Another week, another silent phone. It’s nerve-wracking, as my fate hangs in the balance. Will I be starting a job soon? Moving? Reevaluating everything in the face of no job offers at all?
In the absence of news, I’ve had more time to think about the brilliance of Enlightened and have come up with some more insights into the show.
One theme I picked up on is that regret is a useless emotion. In the second season, Amy finally gets the job offer of her dreams, but it’s too little too late as she has set too many other forces in motion. She seems confused and regretful, but the truth is, she only gets the offer because of the things she set in motion– it is initiated by someone she never would have met otherwise– but these are also the very things that impede her from taking the job. You can’t really go back and say “if only.” Life is too tangled and messy to isolate out decisions like that.
A second theme that resonated with me is that if you aren’t interested in someone, the biggest favor you can do is let them go to find someone else. Recently another guy I rejected in the past announced his engagement, and once again, his fiancee seems compatible with him in a way I never was. Amy does Tyler a favor by recognizing they are ill-suited romantically and rejecting him; Eileen is thrilled to find him. Of course, like Amy, I’m still waiting for someone compatible to show up for me.
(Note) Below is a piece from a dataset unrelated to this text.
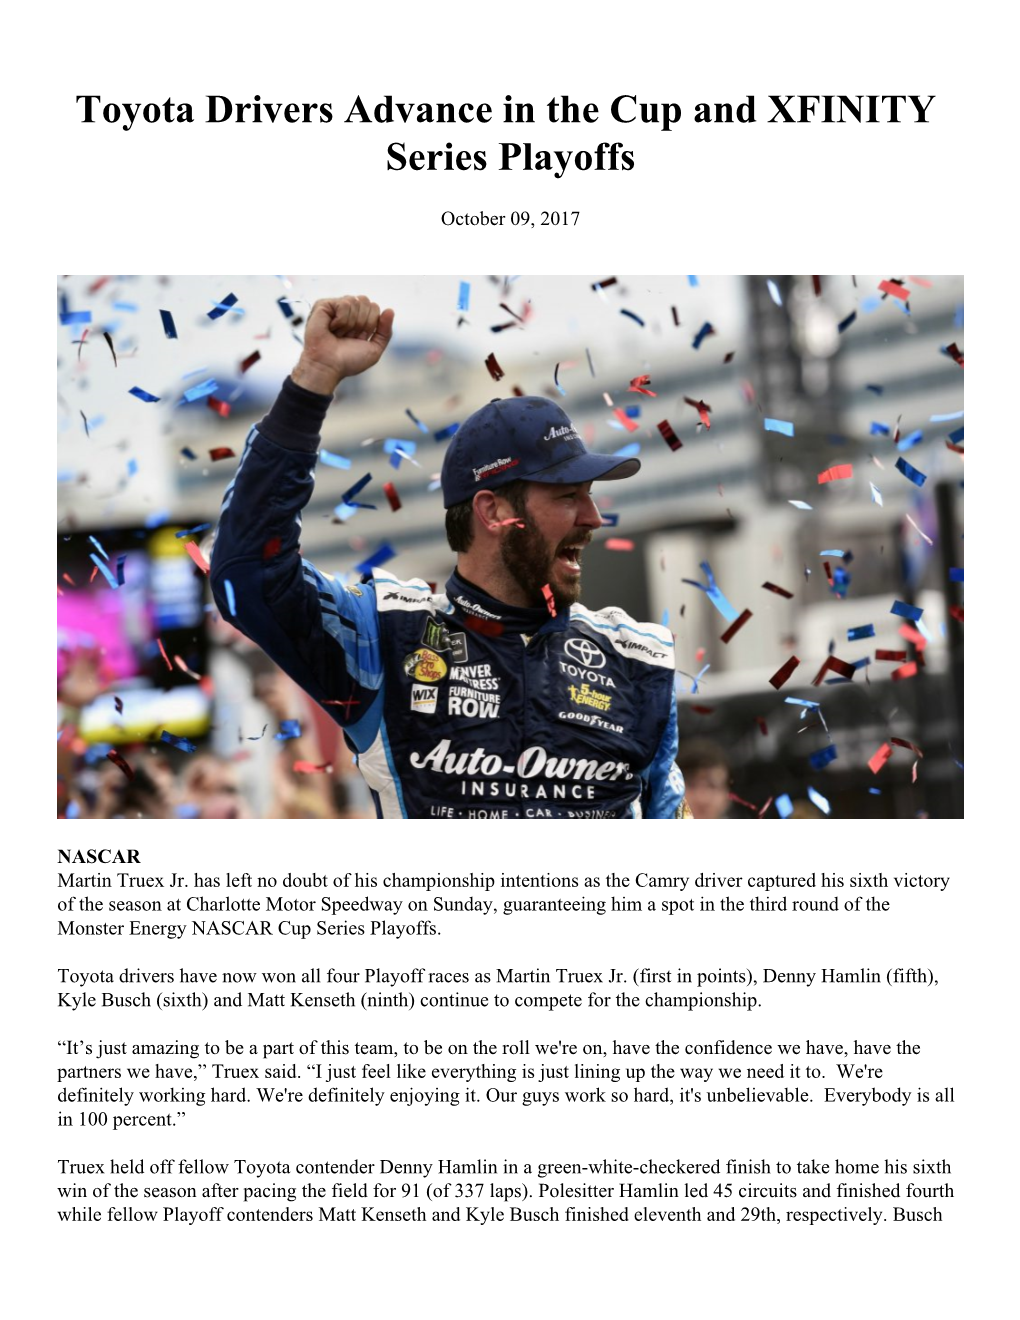 Toyota Drivers Advance in the Cup and XFINITY Series Playoffs

Third, Mike White sensitively portrays the ways in which the people we connect with intellectually can let us down personally. There are only two characters in the series who share Amy’s newfound spiritual/political/intellectual interests, and neither of them prove to be available for true friendship or romance. Both of them, in fact, use Amy and let her down. On the other hand, she has relationships with other people who don’t share her interests but who are always there for her.
I find that to be one of the most frustrating conundrums in my own life. Last summer I was introduced to a woman who makes an effort to get together with me frequently. I truly appreciate the effort, but our interests are so different that I find conversation to be a struggle and find it difficult to think of things we can do together. And yet, over the course of my life, I have been routinely flaked out on by people I connected with intellectually and politically.
In the parting shot of the series, Amy seems happy, but she walks alone. I suppose I’ll have to find satisfaction with this commenter’s interpretation:
http://www.avclub.com/review/ienlightenedi-agent-of-change-93165
Manruss • 8 months ago
In the end, Amy’s enlightenment came, not by getting any of the things she wanted out of life, but by simply becoming unafraid to live on her own terms.